Step 2: Walk the Directory

func collectFiles(root string) ([]string, error) {
	var paths []string
	err := filepath.Walk(root, func(path string, info os.FileInfo, err error) error {
		if err != nil {
			return nil // skip files we can't read
		}
		if !info.IsDir() {
			paths = append(paths, path)
		}
		return nil
	})
	return paths, err
}

filepath.Walk recursively visits every file. We skip errors silently because a scanner shouldn't crash on one unreadable file.

Step 3: Hash a File

func hashFile(path string) (string, error) {
	f, err := os.Open(path)
	if err != nil {
		return "", err
	}
	defer f.Close()

	h := md5.New()
	if _, err := io.Copy(h, f); err != nil {
		return "", err
	}
	return fmt.Sprintf("%x", h.Sum(nil)), nil
}

MD5 is fast and fine for duplicate detection. io.Copy streams the file through the hasher without loading it all into memory.
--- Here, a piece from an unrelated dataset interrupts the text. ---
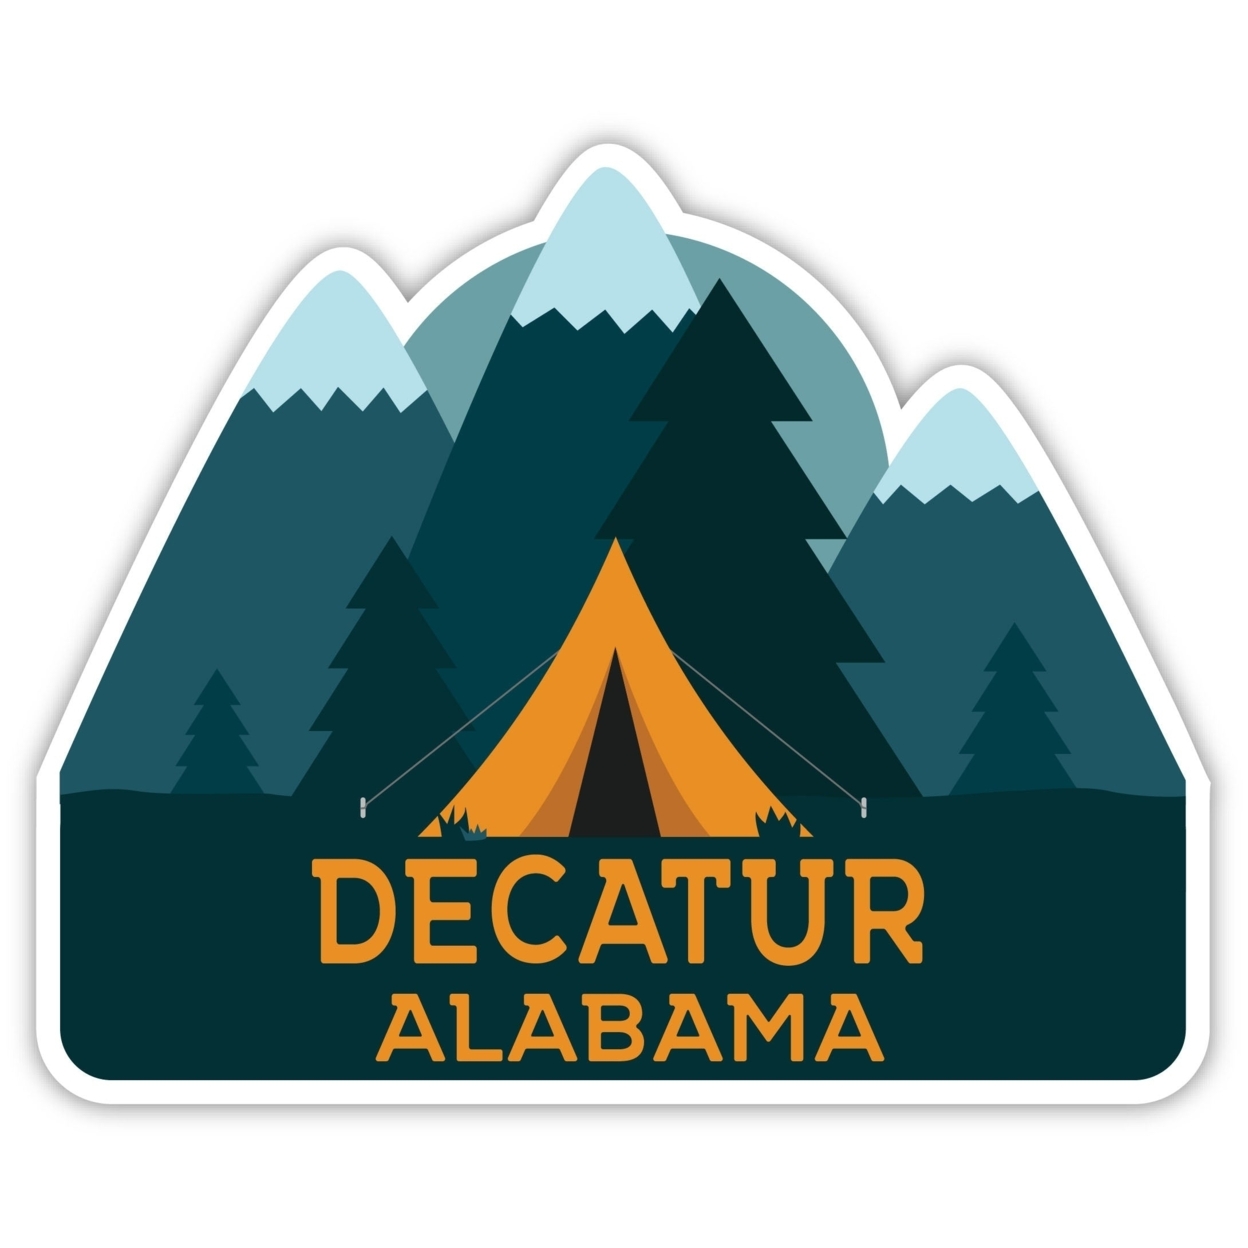 Decatur Alabama Souvenir Decorative Stickers (Choose Theme And Size) - Single Unit, 10-Inch, Tent

This is io.Reader and io.Writer in action.

Step 4: Process Files Concurrently

func processFiles(paths []string) []FileInfo {
	results := make(chan FileInfo, len(paths))
	var wg sync.WaitGroup

	for _, p := range paths {
		wg.Add(1)
		go func(path string) {
			defer wg.Done()

			info, err := os.Stat(path)
			if err != nil {
				return
			}

			hash, _ := hashFile(path)

			results <- FileInfo{
				Path: path,
				Size: info.Size(),
				Ext:  filepath.Ext(path),
				Hash: hash,
			}
		}(p)
	}

	go func() {
		wg.Wait()
		close(results)
	}()

	var files []FileInfo
	for f := range results {
		files = append(files, f)
	}
	return files
}

Each file gets its own goroutine. The WaitGroup tracks completion. Results flow through a channel. This is the fan-out/fan-in pattern from the concurrency lesson.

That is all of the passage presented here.